# WHAT YOU SHOULD DO:
Below are records with pictures. Transcribe exactly, and only, the lines from the line with "Decorazioni di Natale, in" to the line with "Đâu cần phải", both ends included, but not the pictures.

# DATASET ENTRIES:

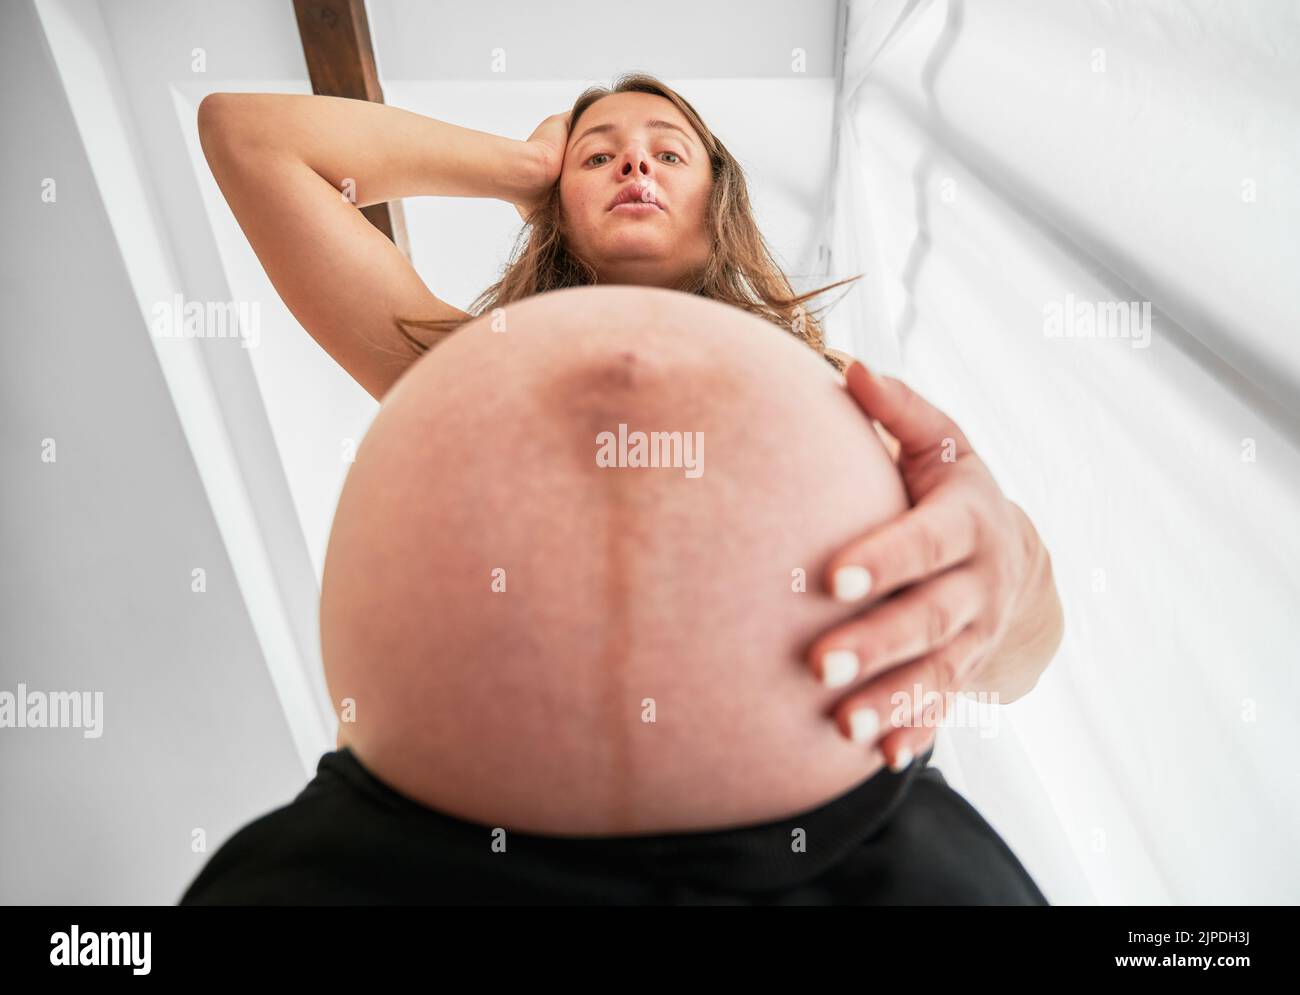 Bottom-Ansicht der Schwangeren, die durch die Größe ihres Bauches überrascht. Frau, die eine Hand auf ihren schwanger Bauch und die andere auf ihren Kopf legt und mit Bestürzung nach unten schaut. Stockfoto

--

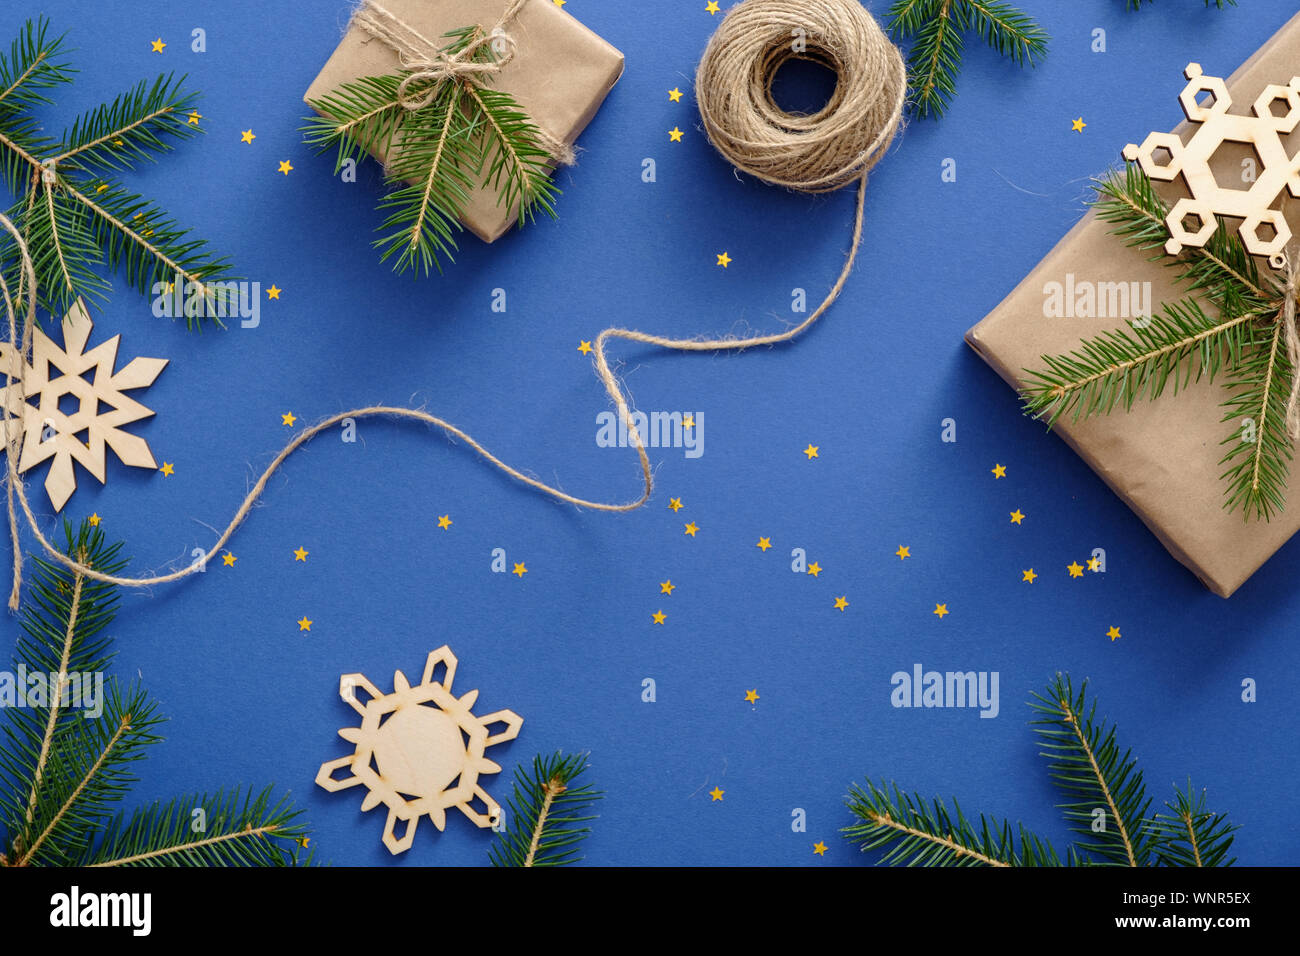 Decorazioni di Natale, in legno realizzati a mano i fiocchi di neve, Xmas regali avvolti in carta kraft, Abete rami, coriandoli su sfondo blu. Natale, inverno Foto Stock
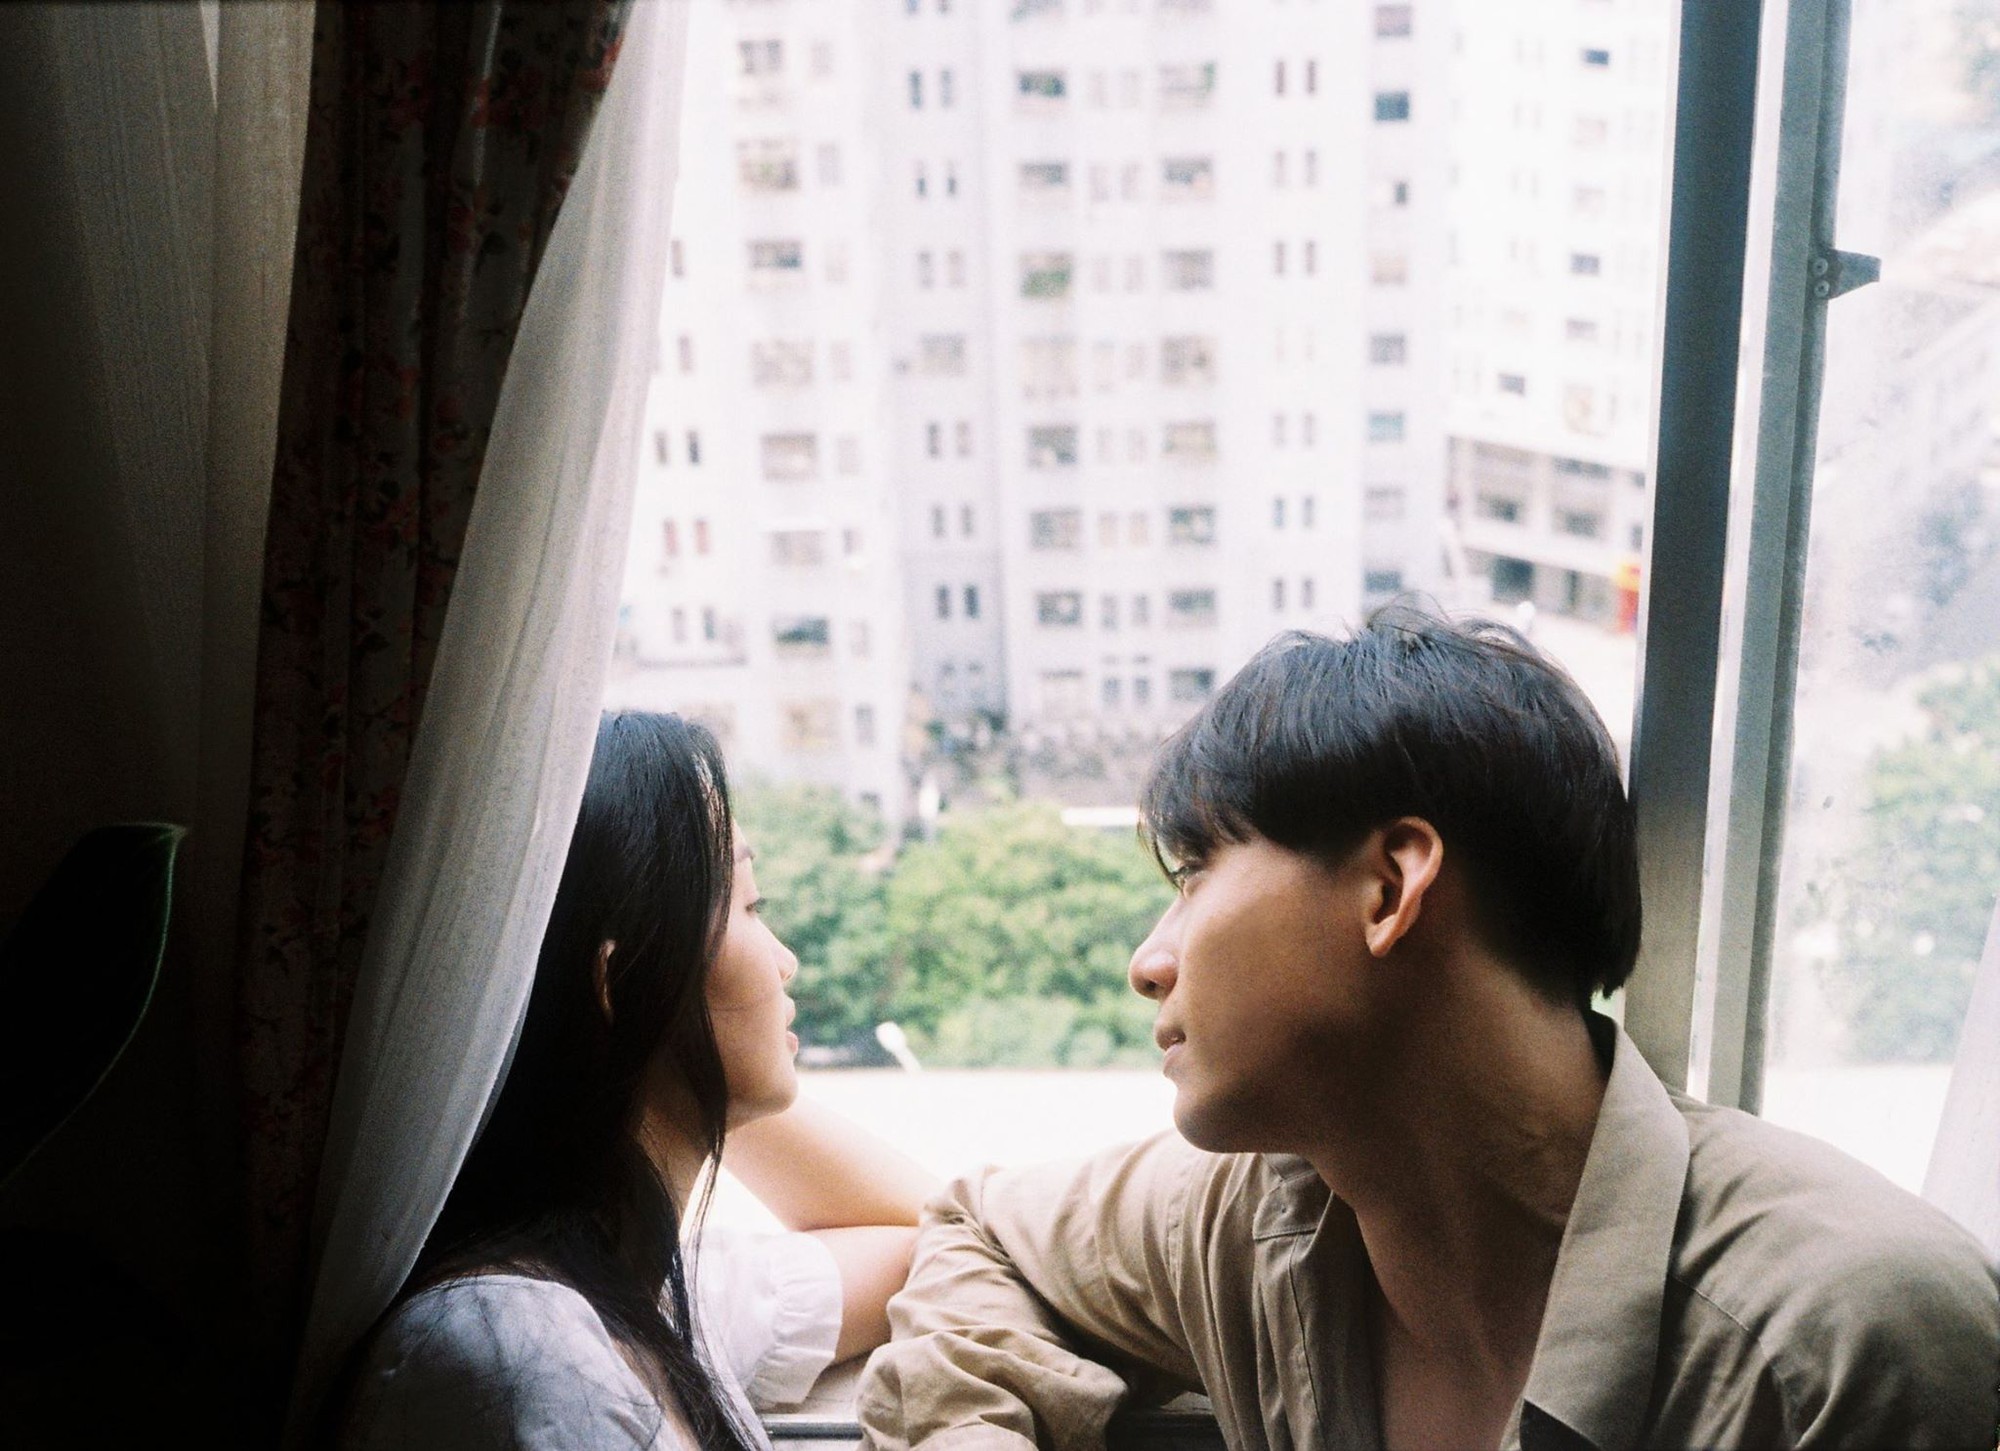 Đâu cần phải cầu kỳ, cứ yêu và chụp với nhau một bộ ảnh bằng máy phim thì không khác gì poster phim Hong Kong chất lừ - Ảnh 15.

# RESPONSE TO THE EXERCISE:
 Decorazioni di Natale, in legno realizzati a mano i fiocchi di neve, Xmas regali avvolti in carta kraft, Abete rami, coriandoli su sfondo blu. Natale, inverno Foto Stock
 Đâu cần phải cầu kỳ, cứ yêu và chụp với nhau một bộ ảnh bằng máy phim thì không khác gì poster phim Hong Kong chất lừ - Ảnh 15.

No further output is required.